If you have course quality suggestions or bug reports you can report them either here or here.

For anyone struggling with the poor explanation in part 3 of this exercise, I decided to rewrite the code provided in the solution into a function which I think is far more logical, albeit longer, given the context of the lesson so far including my comments on how each step works.
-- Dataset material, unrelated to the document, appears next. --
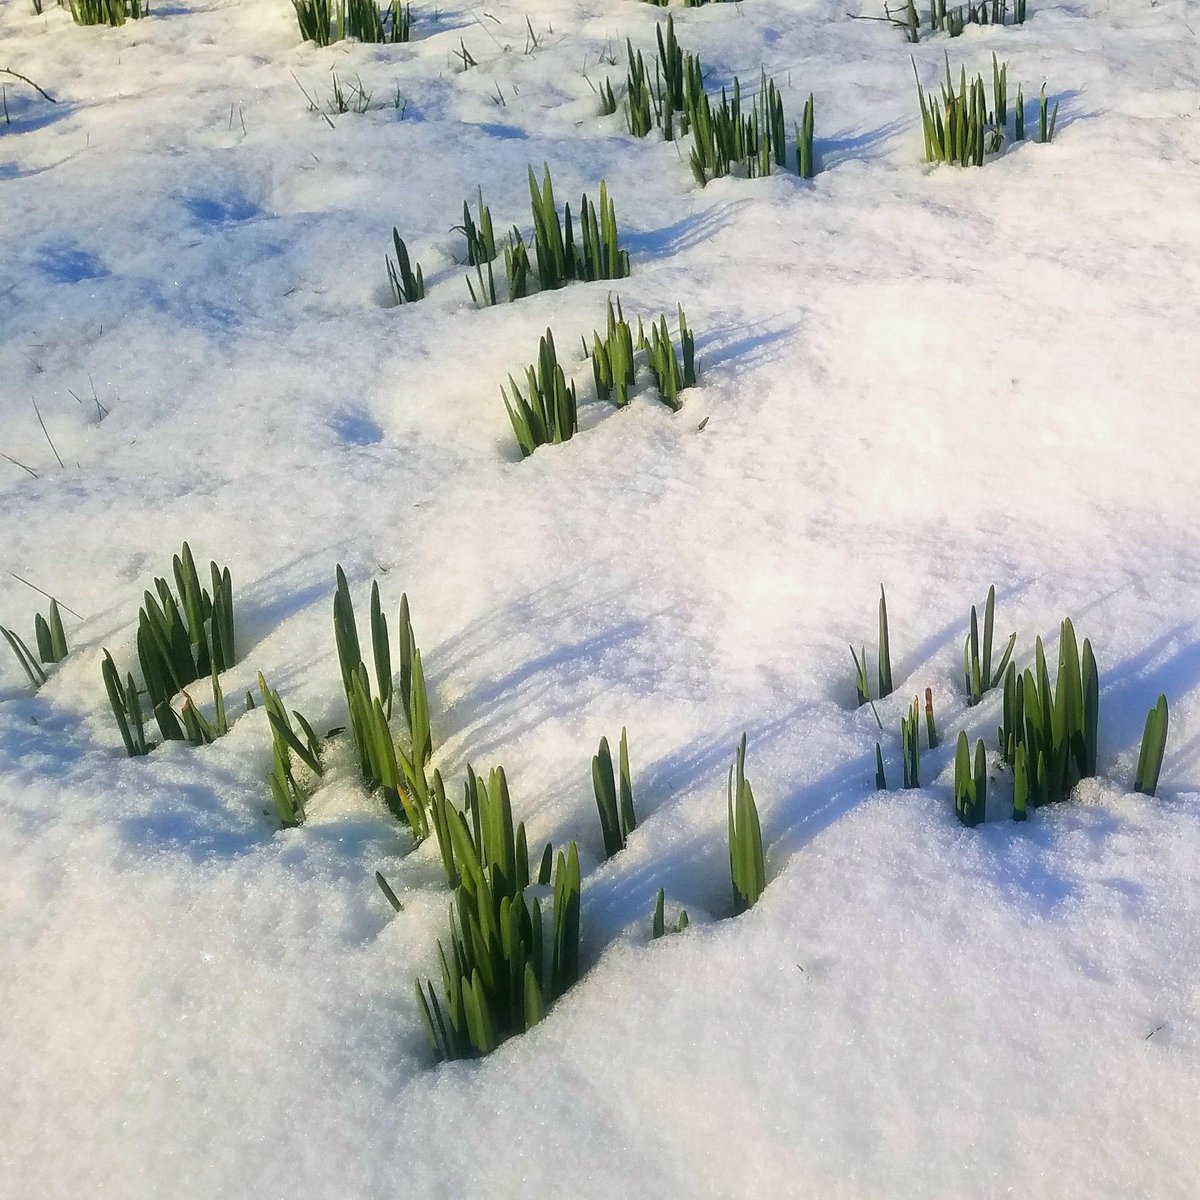 A gentle reminder that even though there is still snow on the ground here in Glasgow, if you look closely you can see there is also a hint of Spring in the air.

#glasgow #snow #greenshoots #daffodils #spring #winter #springshoot #springshoots

def get_min_thresh(y_pred_prob, min_false_negative_rate):
    thresh = np.linspace(0, 1, 100) # creates array between 0 and 1

    for t in thresh:
        y_pred_class = (y_pred_prob[:,1] > t) * 1.0 # calculates predicted classes for given threshold
        confusion = confusion_matrix(y_test, y_pred_class) # computes confusion matrix for given threshold
        fn_rate = confusion[1,0] / (confusion[1,0] + confusion[1,1]) # fn_rate = fn / (fn + tp)  
      if fn_rate >= min_false_negative_rate:
        print(f'Minimum Threshold for {min_false_negative_rate*100} false negatives per 100: {t:.2f}')
        return t

get_min_thresh(y_pred_prob, 0.02) # returns 0.22 for fn rate of two per hundred positive cases

I hope this is enough until Codecademy update this lesson for more clarity and better understanding.